Work required: Write out, word for word, each line from the start of the entries through the one holding "Cropped faux fur jacket - Women's fashion"; omit the pictures.

────────────────────

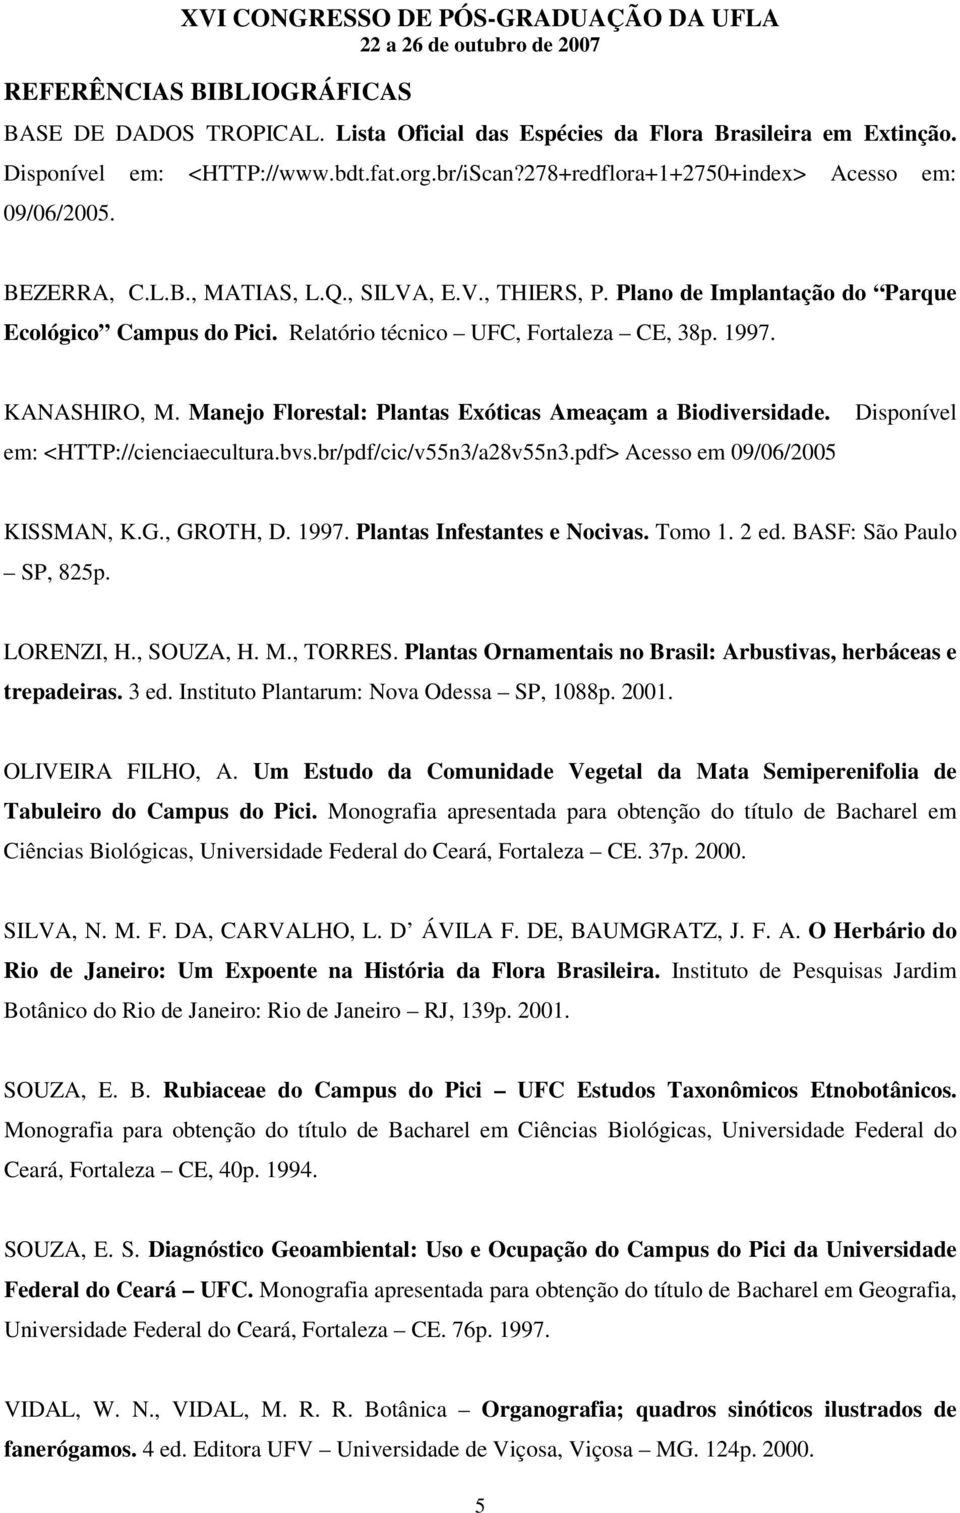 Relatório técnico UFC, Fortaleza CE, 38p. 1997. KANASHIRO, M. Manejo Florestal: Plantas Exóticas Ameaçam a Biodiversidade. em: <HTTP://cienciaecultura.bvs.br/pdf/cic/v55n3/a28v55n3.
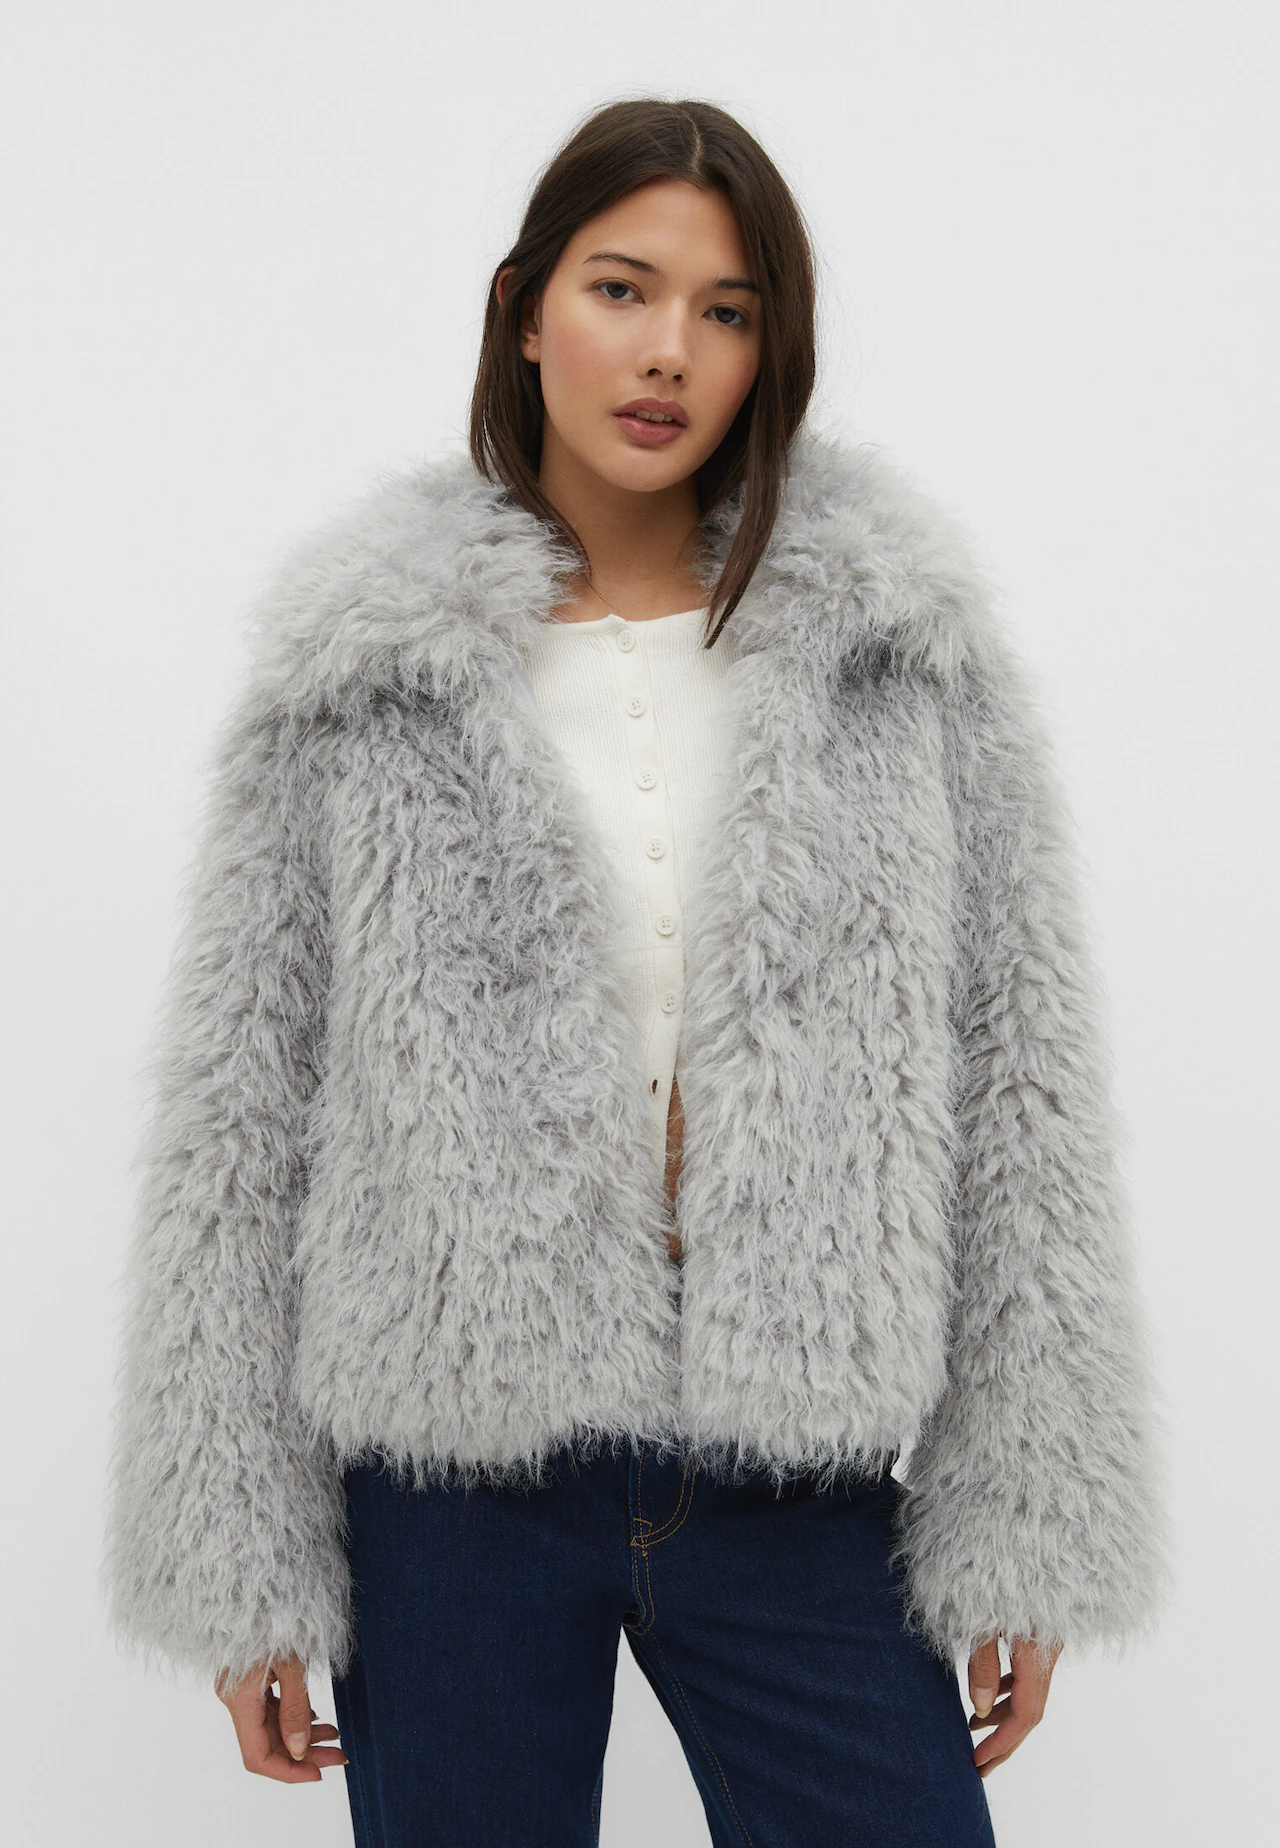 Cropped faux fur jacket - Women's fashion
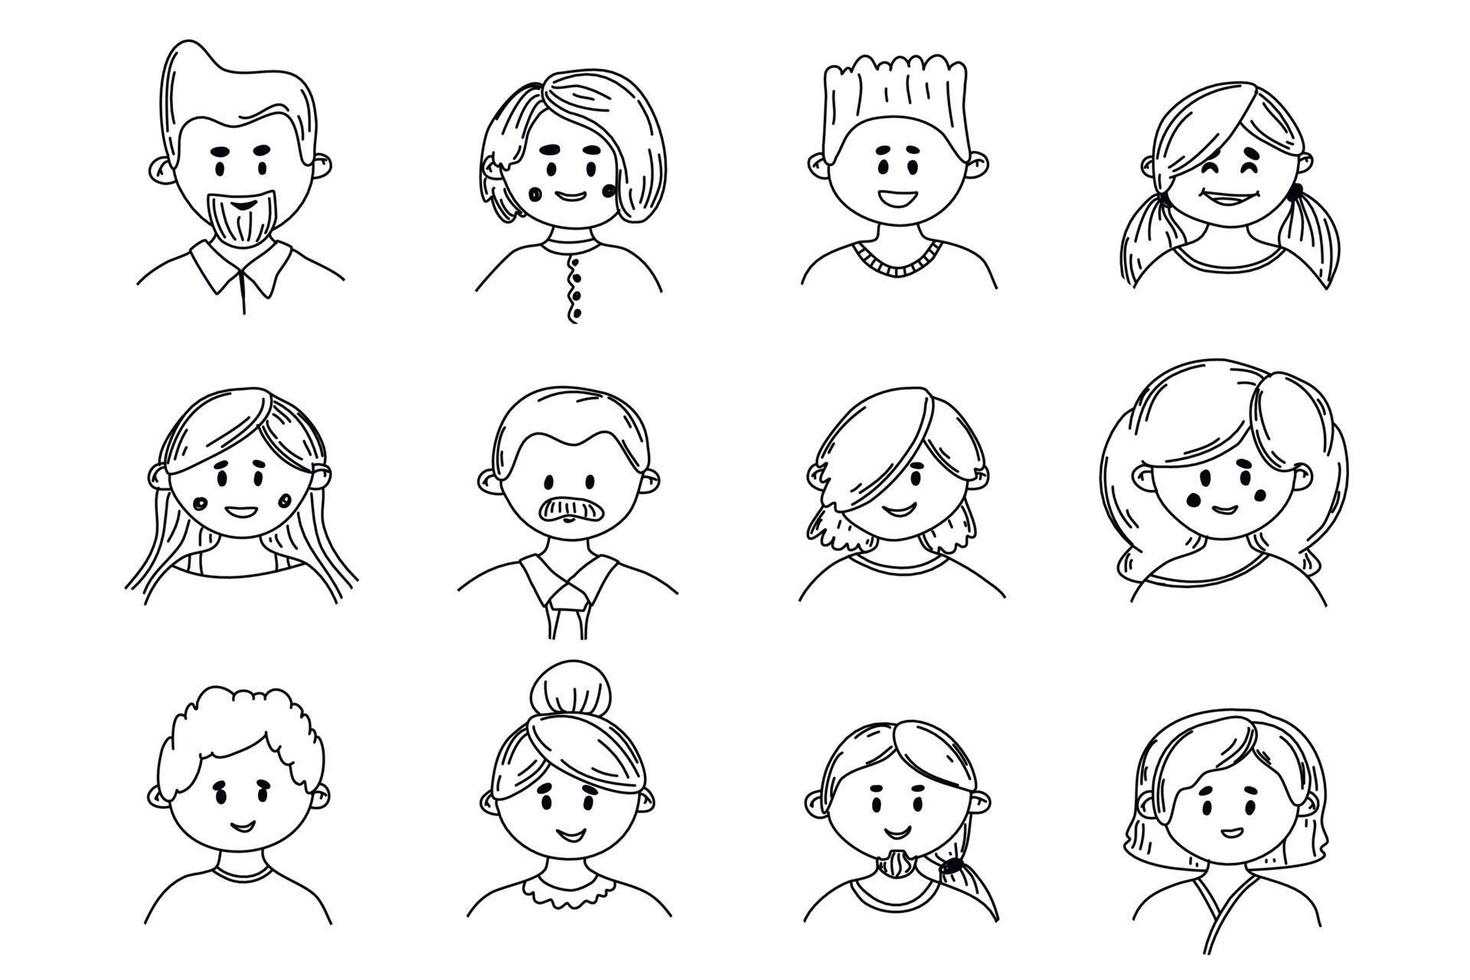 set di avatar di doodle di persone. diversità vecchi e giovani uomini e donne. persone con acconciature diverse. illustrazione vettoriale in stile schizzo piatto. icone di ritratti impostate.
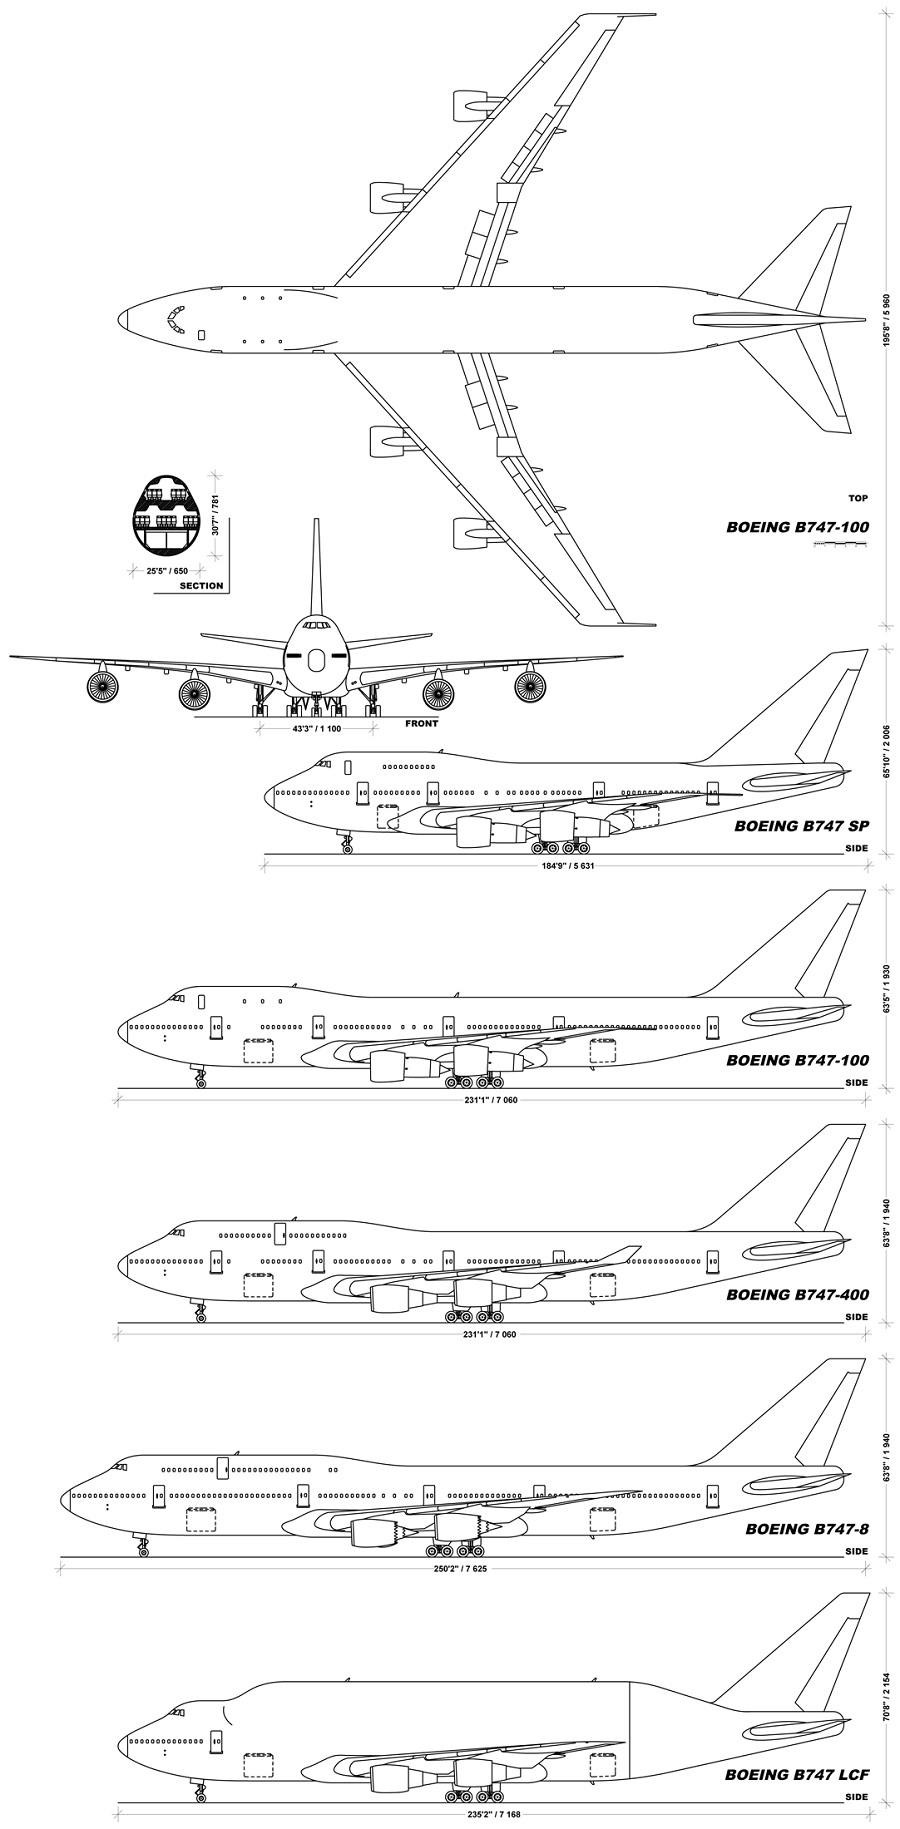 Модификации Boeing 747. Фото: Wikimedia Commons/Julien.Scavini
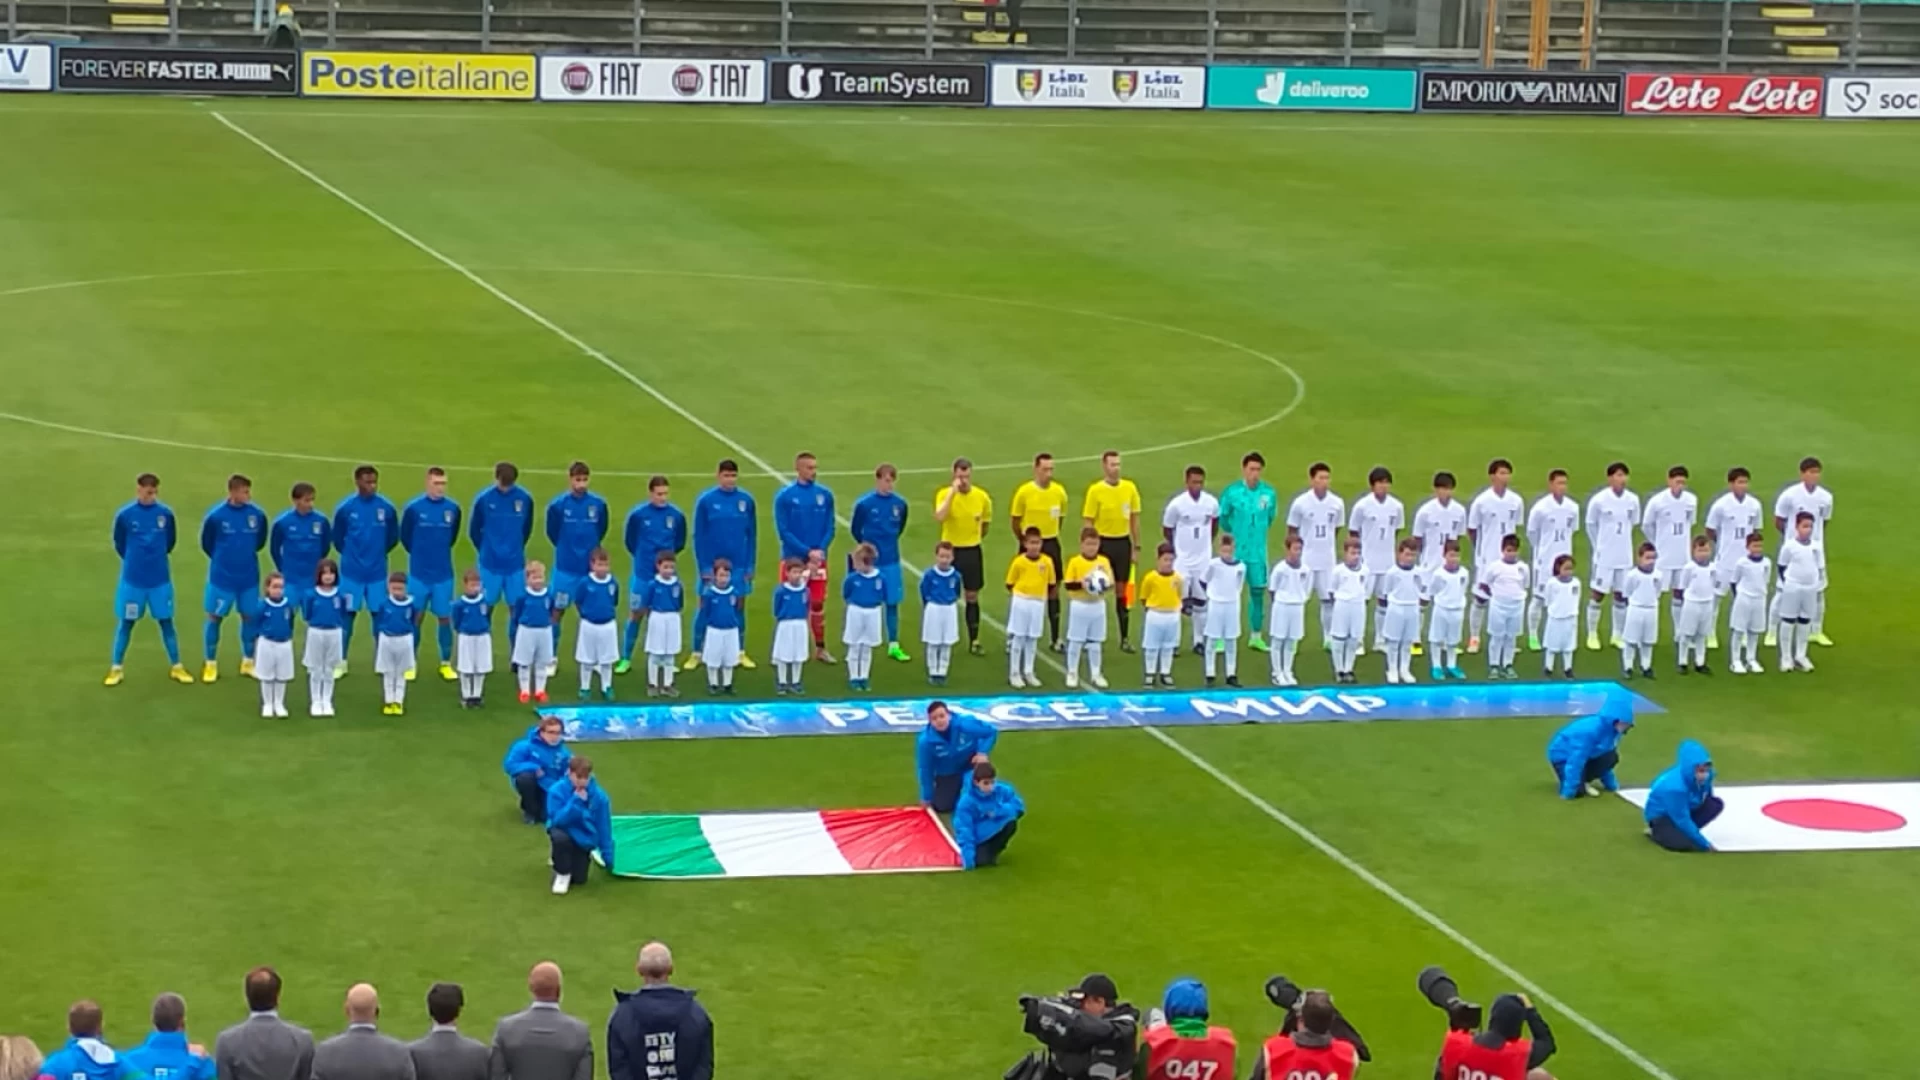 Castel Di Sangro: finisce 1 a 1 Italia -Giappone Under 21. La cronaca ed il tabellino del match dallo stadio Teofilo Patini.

────────────────────

Your response:
 Relatório técnico UFC, Fortaleza CE, 38p. 1997. KANASHIRO, M. Manejo Florestal: Plantas Exóticas Ameaçam a Biodiversidade. em: <HTTP://cienciaecultura.bvs.br/pdf/cic/v55n3/a28v55n3.
 Cropped faux fur jacket - Women's fashion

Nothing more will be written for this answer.